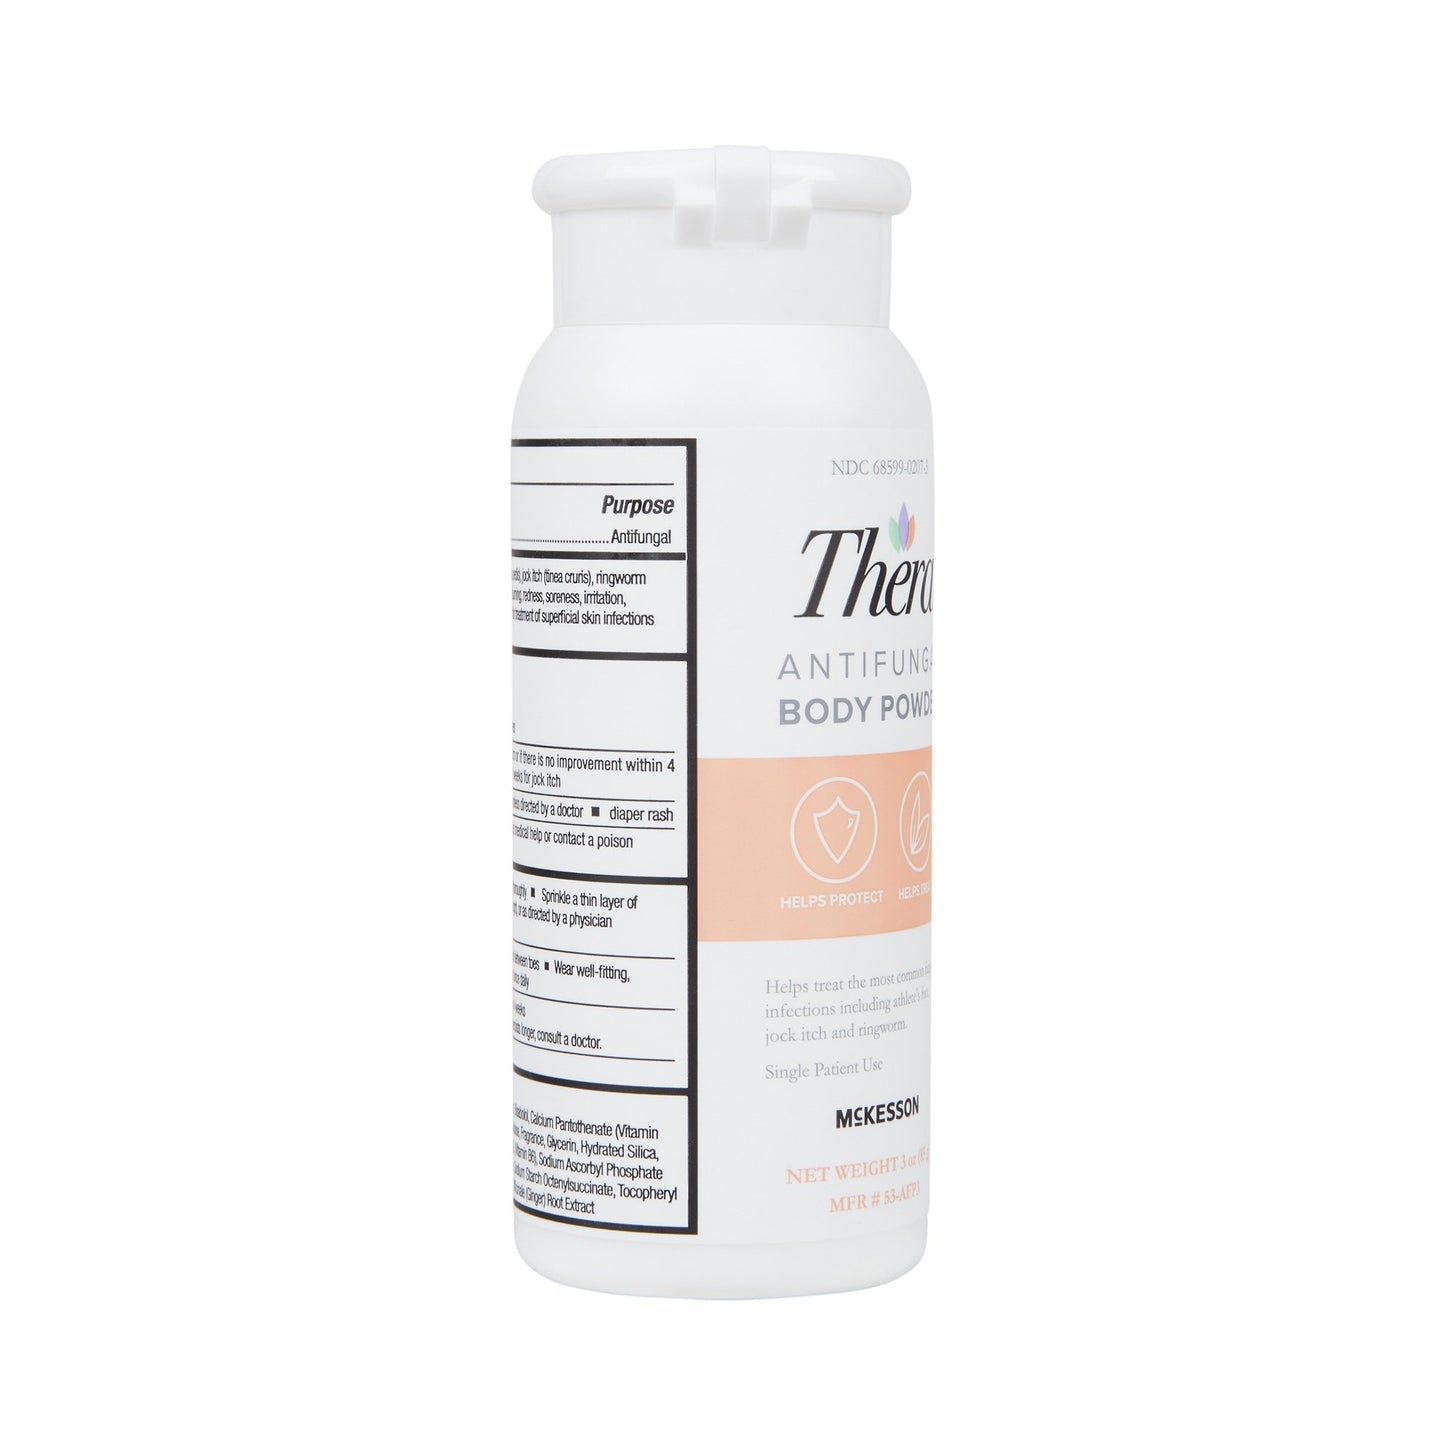 Thera Miconazole Nitrate 2% Antifungal Body Powder, 3 oz.
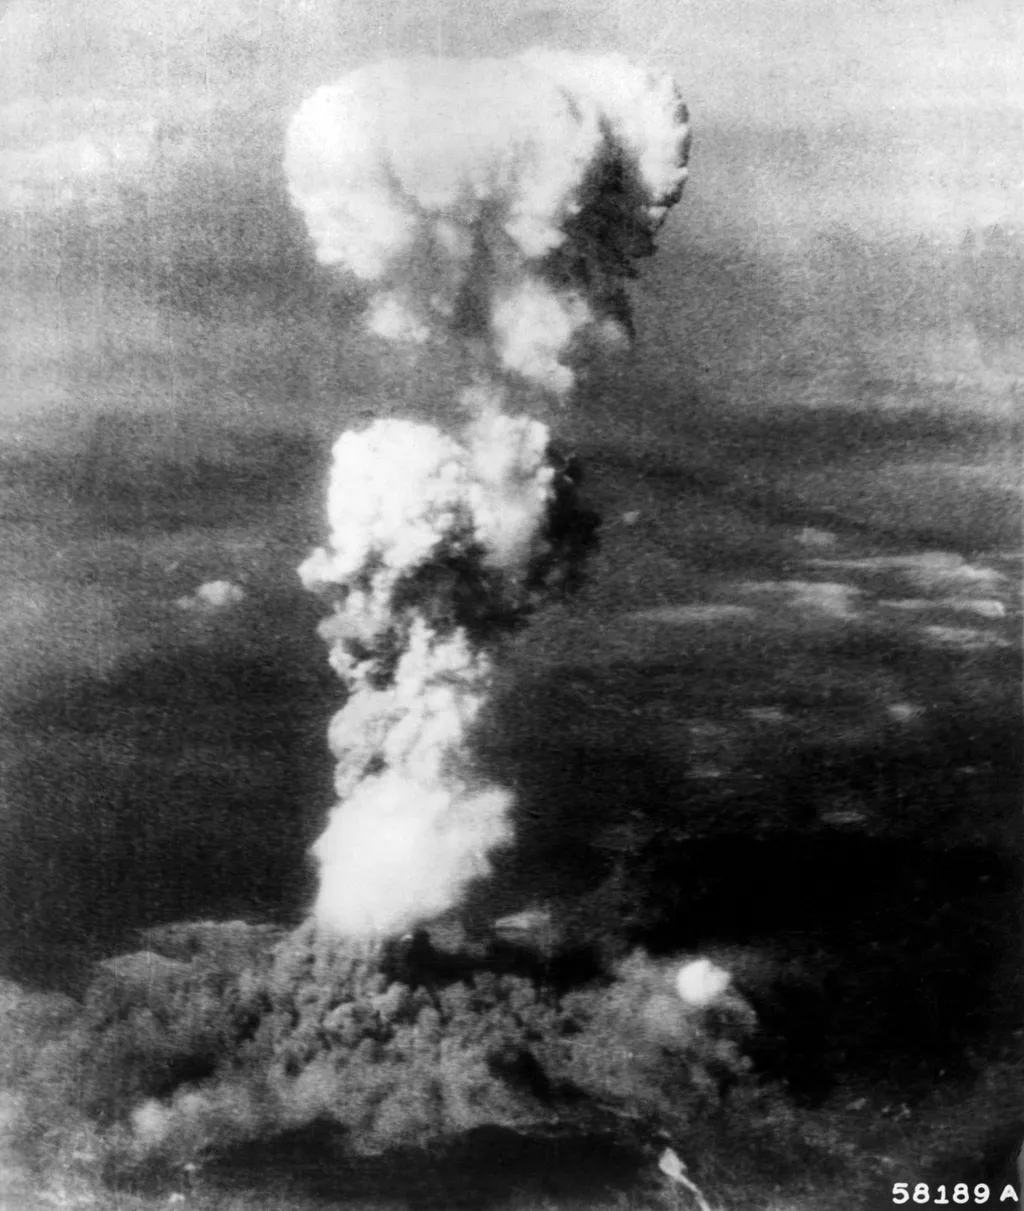 HIROSHIMA ELEONORE 58189A carré Vertical BOMBE ATOMIQUE EXPLOSION CHAMPIGNON ATOMIQUE SECONDE GUERRE MONDIALE HAUTEUR 
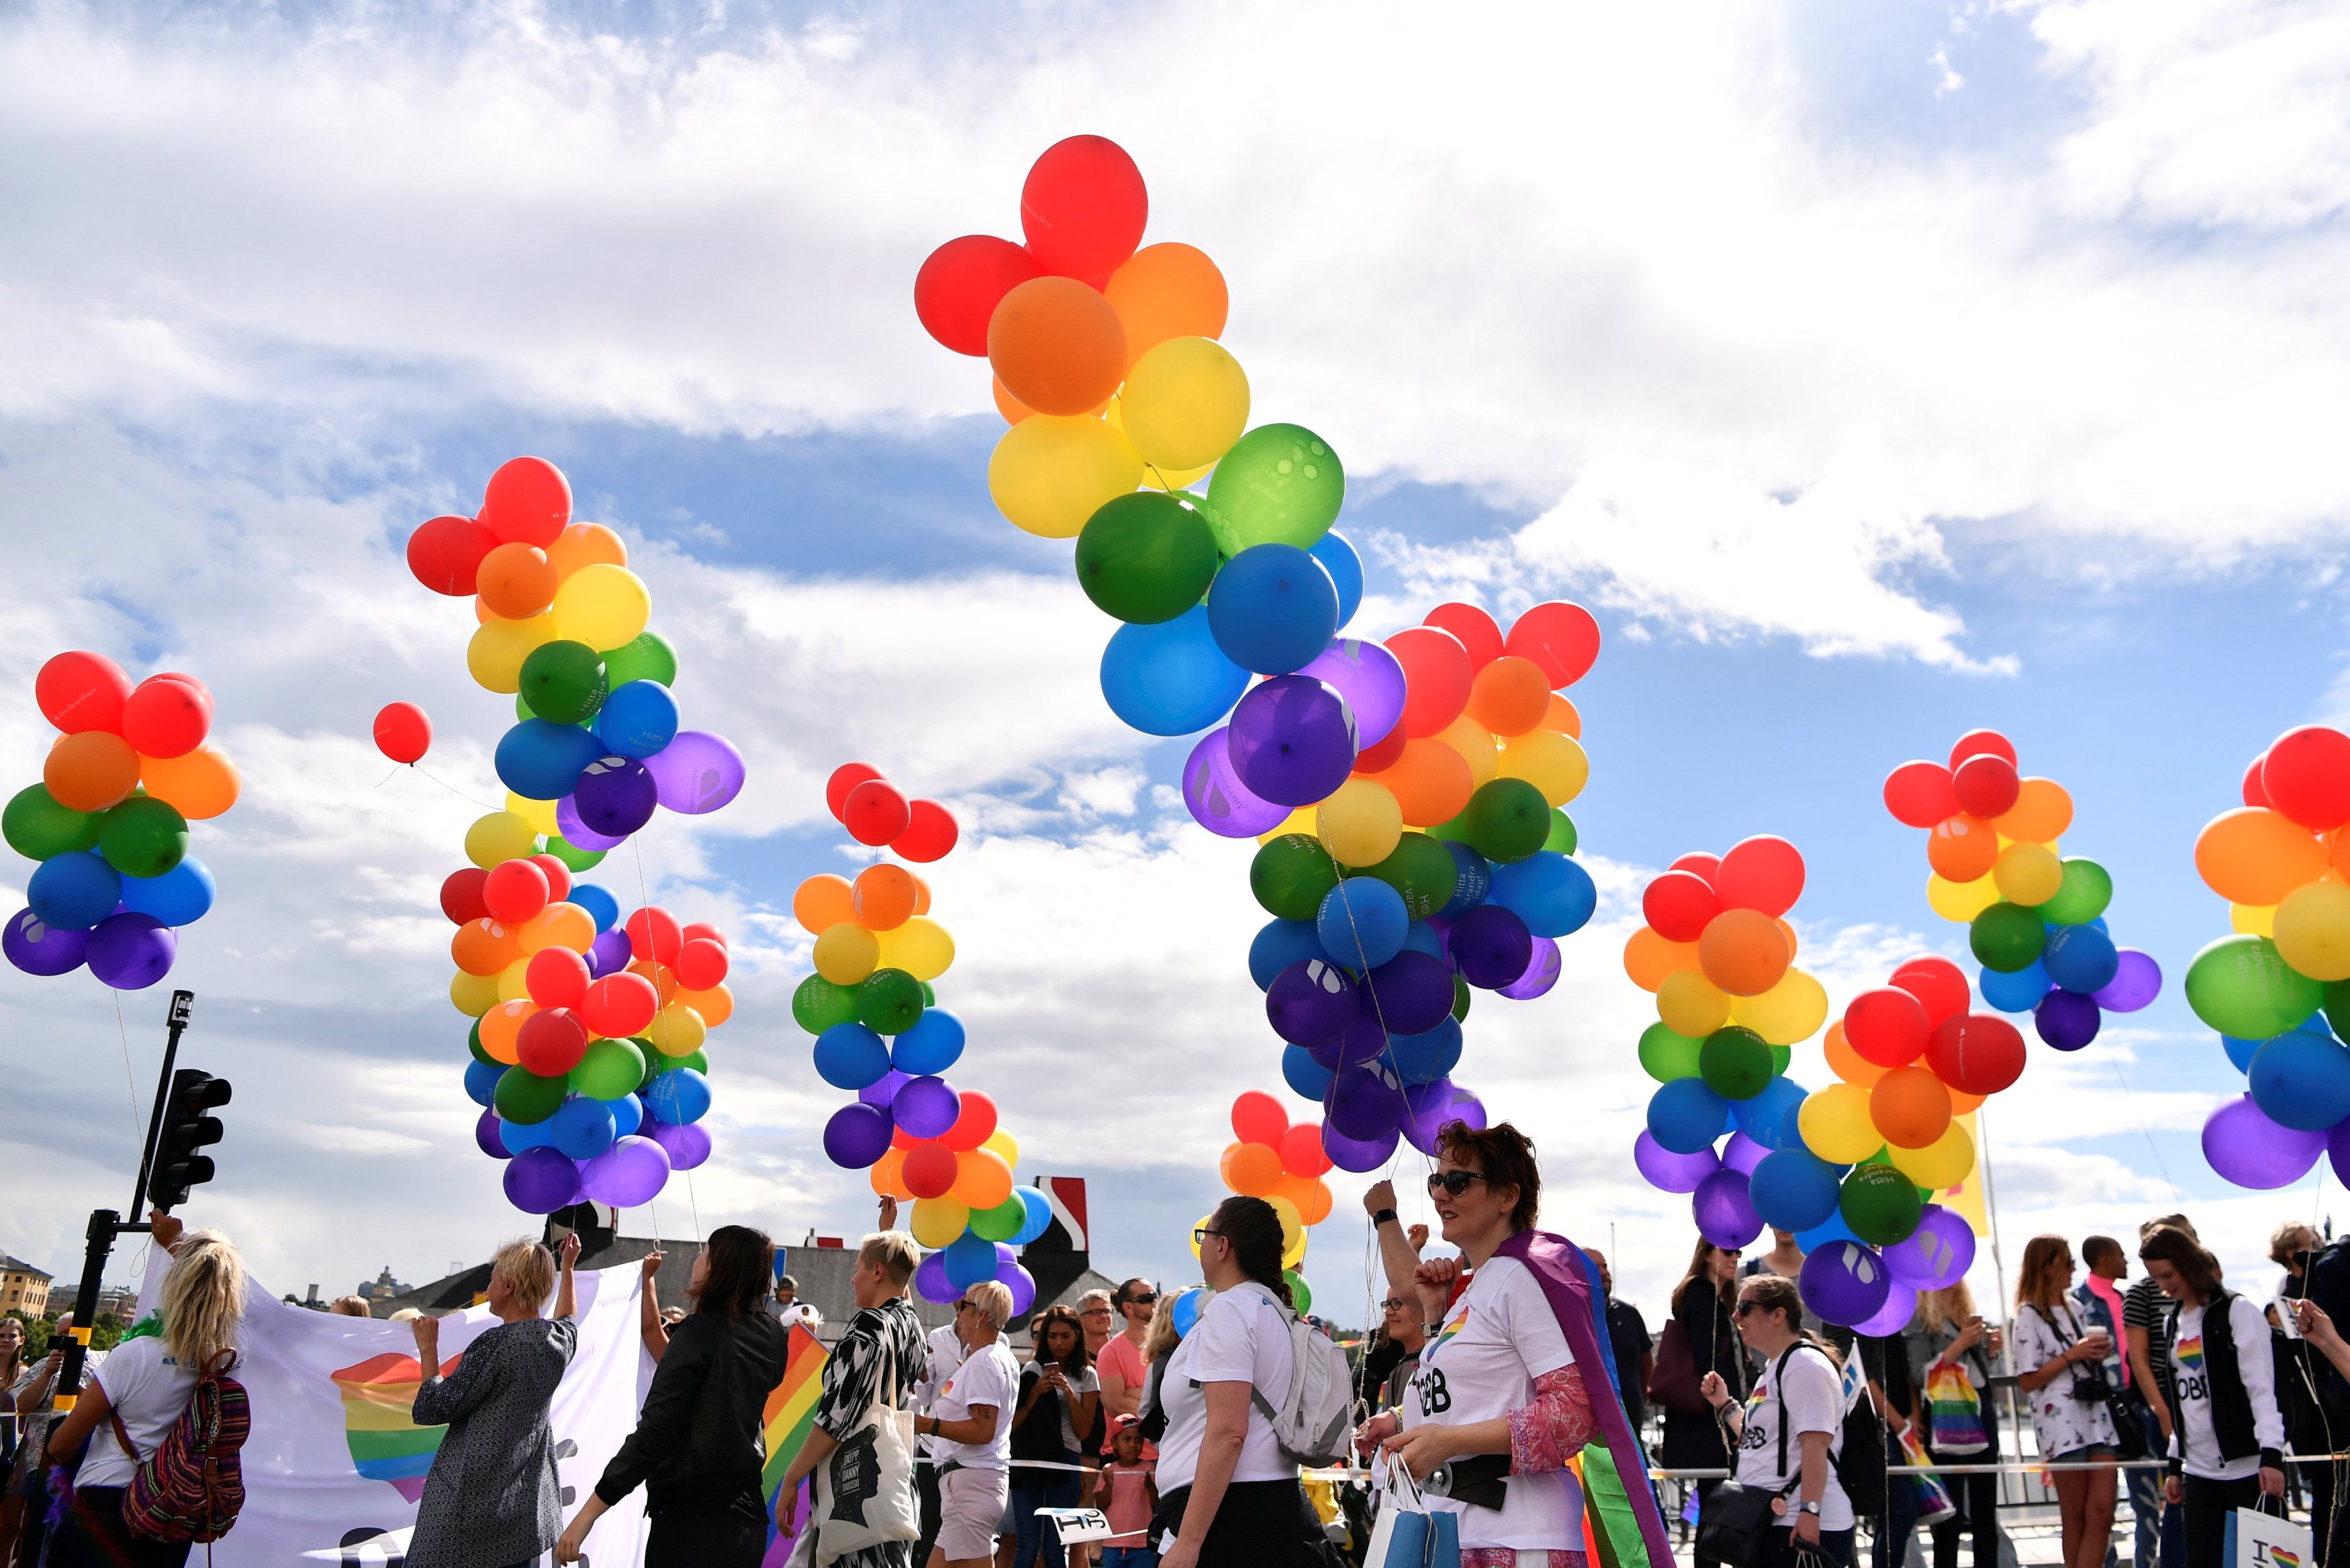 مثليين يرفعون بالونات ملونة خلال مسيرتهم فى السويد

——

Brief: Would you please copy the material exactly, leaving all the pictures out?

Answer space:
 Thera Miconazole Nitrate 2% Antifungal Body Powder, 3 oz.
 HIROSHIMA ELEONORE 58189A carré Vertical BOMBE ATOMIQUE EXPLOSION CHAMPIGNON ATOMIQUE SECONDE GUERRE MONDIALE HAUTEUR 
 مثليين يرفعون بالونات ملونة خلال مسيرتهم فى السويد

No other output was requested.